Washington Nationals Offseason Questions: The Corner Outfield Situation

Washington Nationals Outfield

The Washington Nationals are heading to the offseason early this season as they failed to reach .500 for the first time since 2011, where they went 80-81. The Nationals have already made major moves in the dugout as they extended manager Dave Martinez, but did not retain Paul Menhart, Chip Hale, and Kevin Long.

Heading into a critical offseason, the Nationals have many questions across their roster, including the corner infield spots, the back-end of the rotation, and the corner outfield situation. Despite a disappointing season, Victor Robles should be the starting center fielder next season. Juan Soto will be at one of the other spots. Soto, who has been a left fielder in the majors, played six games in right field in 2020. With Adam Eaton‘s $10.5 million player option, and Andrew Stevenson’s tear at the end of the season, and the lack of a power bat, the Nationals have a major question in the outfield heading into 2021.

Adam Eaton’s Team Option

When Adam Eaton was acquired in 2016 from the Chicago White Sox, it was championship or bust for the Nationals over the course of his contract. The Nationals gave up a consensus top-three prospect across MLB in Lucas Giolito, another top 50 prospect, Reynaldo Lopez, and a soon-to-be top 100 prospect, Dane Dunning.

After tearing his ACL in 2017, Adam Eaton has played in 269 games from 2017-2019. He hit .288, had an OBP of .377, and slugged 22 home runs over his tenure. Despite the non-flashy stat sheet, Eaton was instrumental to the Nationals’ success, with his quality at-bats and solid walk to strikeout ratio. Eaton was a staple at the top of the order with Trea Turner, setting up the Nationals daunted middle of the order that had Bryce Harper, Juan Soto, and Anthony Rendon over his tenure. In the 2019 postseason, Eaton was very valuable to the Nationals World Series victory as he hit .320 with two home runs, and had six runs batted in the Series.

However, Eaton had a dreadful 2020 season, the worst season of his career. Eaton mustered career-lows in batting average, on-base percentage, and OPS as he hit just .226 on the season. He had almost three times the number of strikeouts than walks, striking out 32 times to just 12 walks. To cap off Eaton’s struggles, Eaton ended the season on the IL with a broken finger. This offseason, the Washington Nationals will most likely not pick up Eaton’s $10.5 million club option. Washington could sign him at a lower price as they did with Yan Gomes the last offseason.
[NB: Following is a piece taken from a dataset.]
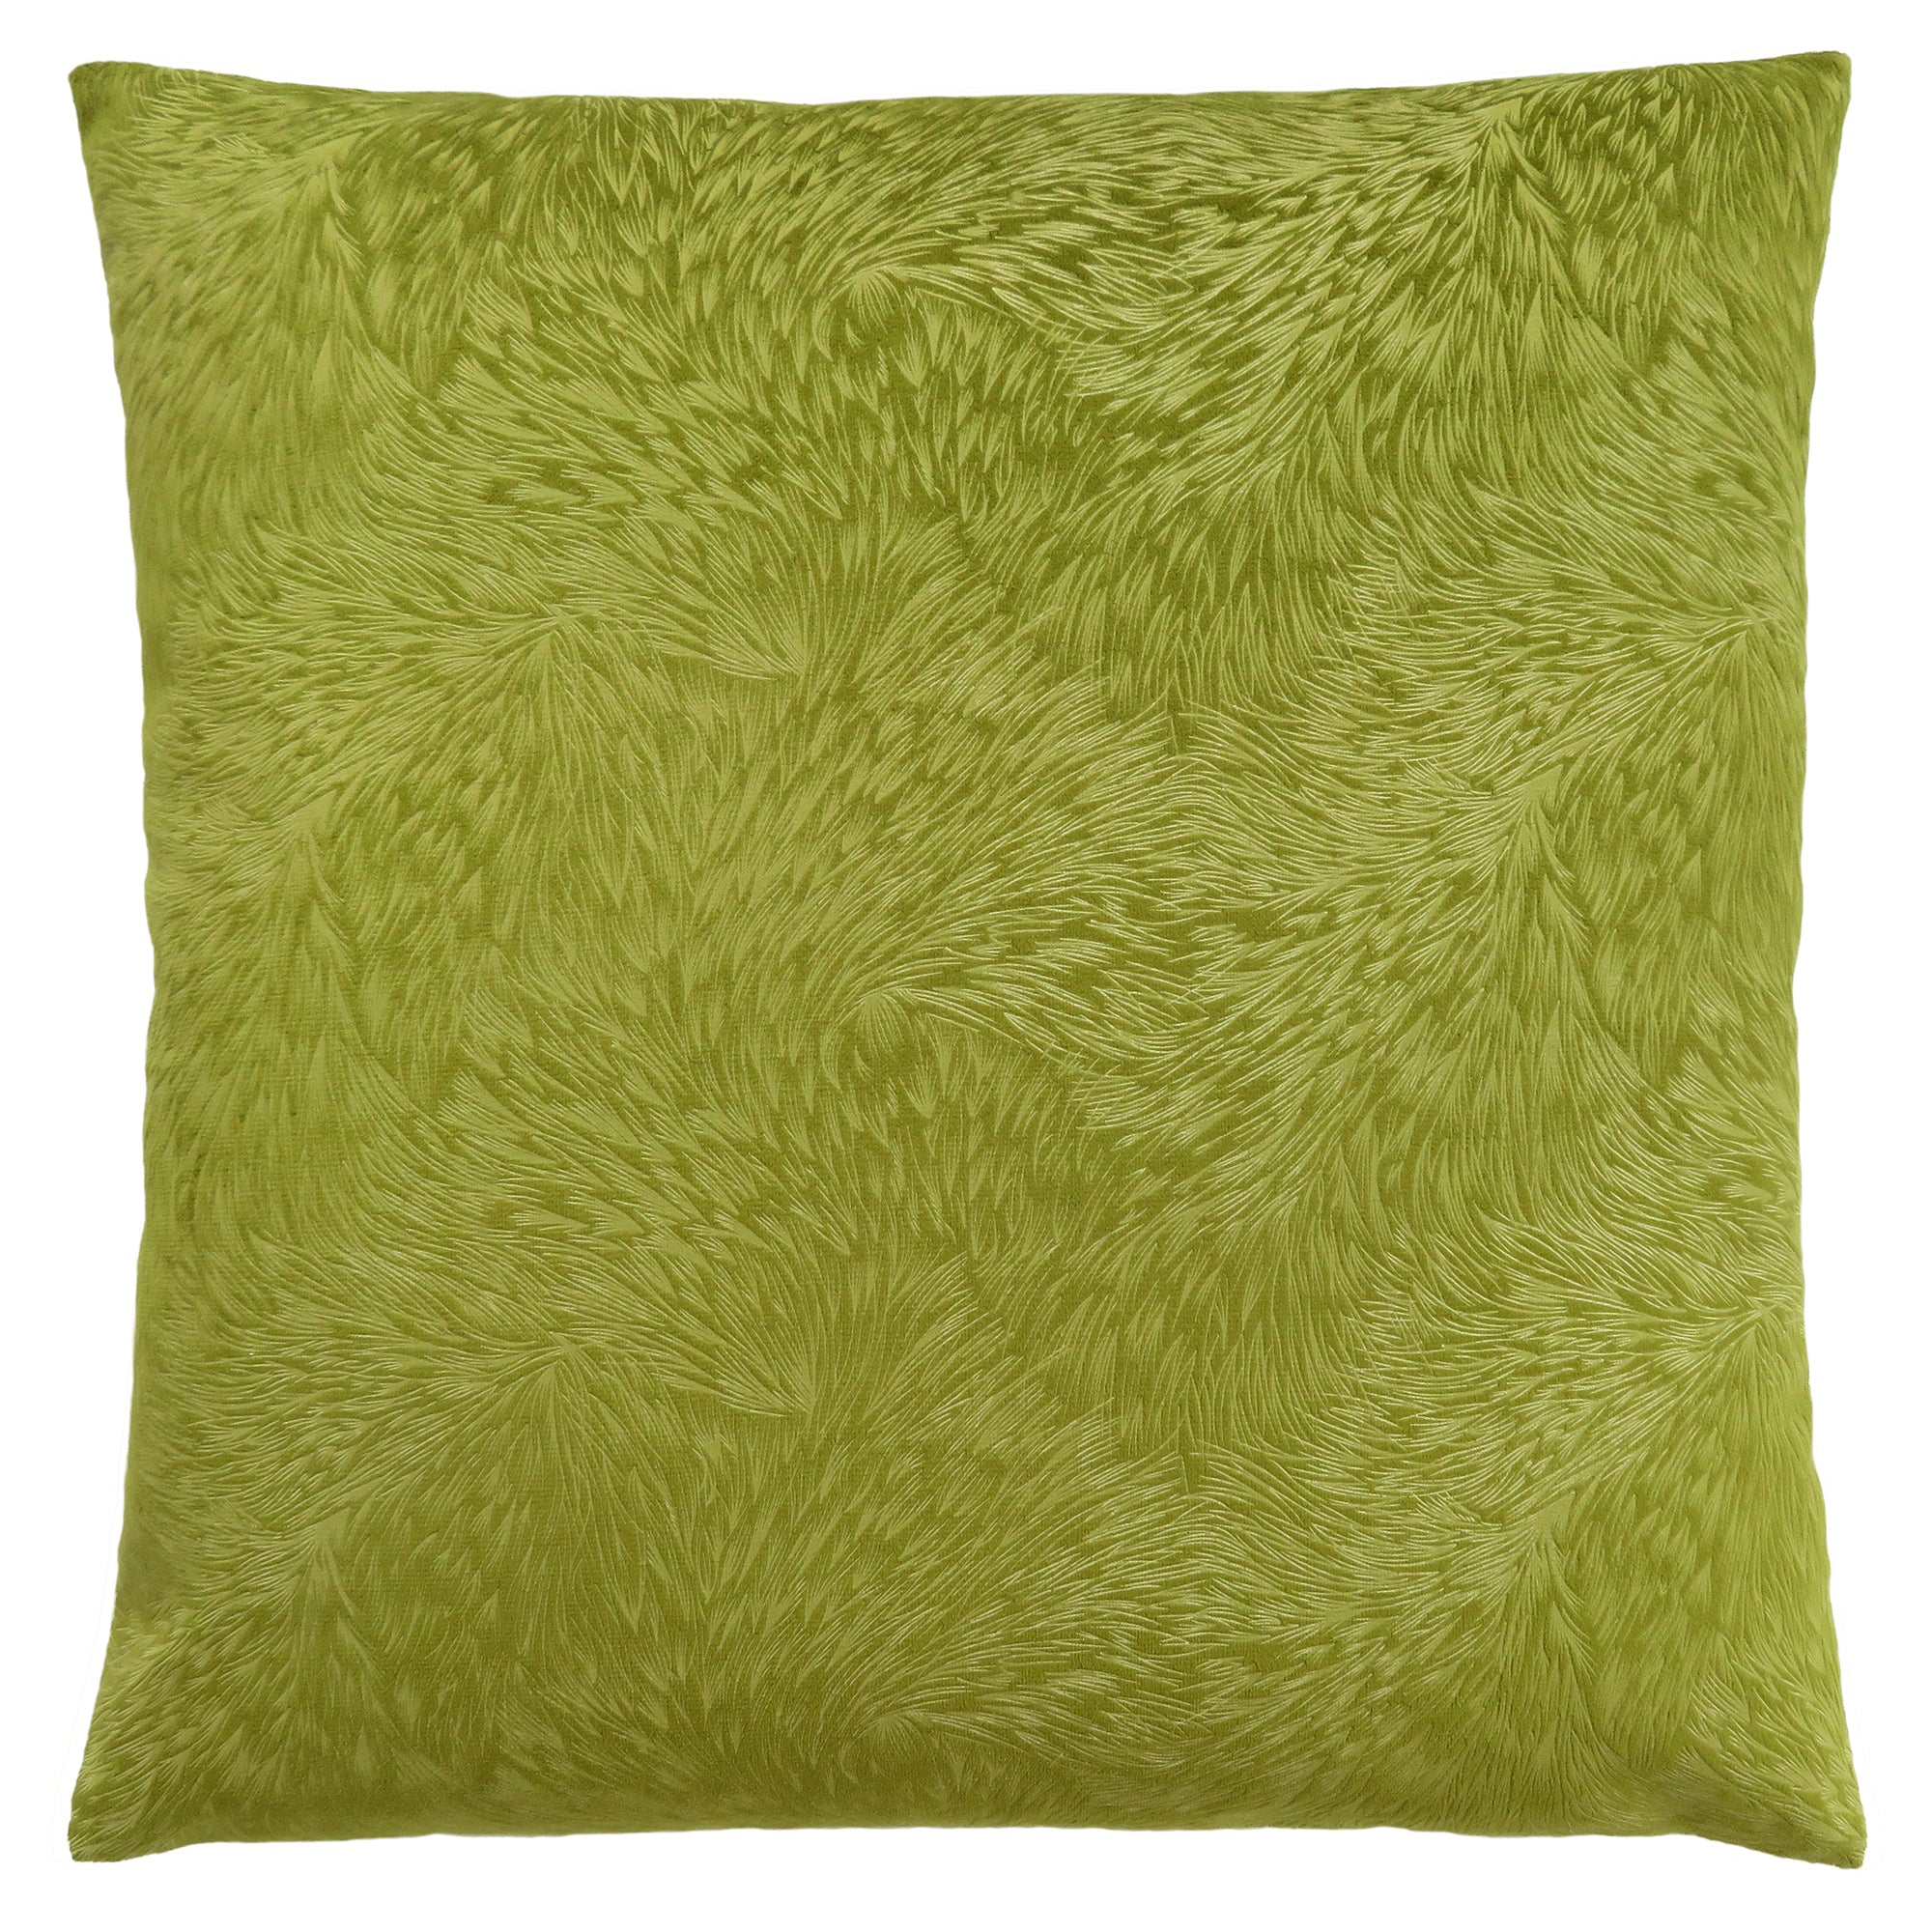 Pillow - 18X 18 / Lime Green Feathered Velvet / 1Pc

Andrew Stevenson’s Big Surge

Andrew Stevenson was one of the most unlikely stories of September. Often shuffling between the minors, Stevenson got consistent starts once Adam Eaton went down with an injury. Heading into September 18th, Steveson had yet to get a base hit in 2020. However, Stevenson went on a tear. He ended the season on a 12-game hitting streak, batting .417 with 10 extra-base hits in just 10 starts. Nationals’ manager, Davey Martinez took note of Stevenson’s emergence late in the season. Not only was Stevenson a consistent bat at the top of the lineup, but he also plays solid defense in both right and left field, with speed on the basepaths. 

From 2017 to 2019, Stevenson had just a .241 batting average with one home run. It may be difficult to head into the 2021 season with him pegged as a starting fielder with a sample size of just 12 games. But, Stevenson does play hard and could be a spark that the Washington Nationals are looking for to potentially replace Adam Eaton. With Michael A. Taylor a free agent, Stevenson should at least be the fourth outfielder, despite Taylor’s excellent defense and power. 

Impactful Free Agents in 2021

Perhaps the biggest loss for the Washington Nationals after the departure of Anthony Rendon was in the power department. They were 21st in baseball in home runs with just 66. The Nationals counted on Eric Thames to produce the longball in the middle of the Nationals lineup, but he had a frustrating 2020 campaign as he went deep just three times. Since Eaton and Stevenson are not power bats, the Nationals could look towards big-name free agents to fill the gaping hole in the middle of the order. Given their big investment in starting pitching and reluctance to re-sign Anthony Rendon, Washington may not be willing to pay top dollar for a bat. But, it should definitely be a conversation. 

The top four names on the free-agent market are George Springer, Marcell Ozuna, Joc Pederson, and Michael Brantley. Springer had an MVP-caliber season in 2020 and has been a three-time all-star with the Astros. While Springer and Ozuna will be more in the upper-tier of free agents, Michael Brantley and Joc Pederson would be intriguing options for the Nationals. Brantley played right field for the first time in 2019, so Juan Soto would most likely need to transition to left field. However, with the age and production taken into account, Joc Pederson seems to make the most sense for Washington. He had a down 2020 season, which could lower the price tag, but he has a massive upside and is relatively young, at 28-years old.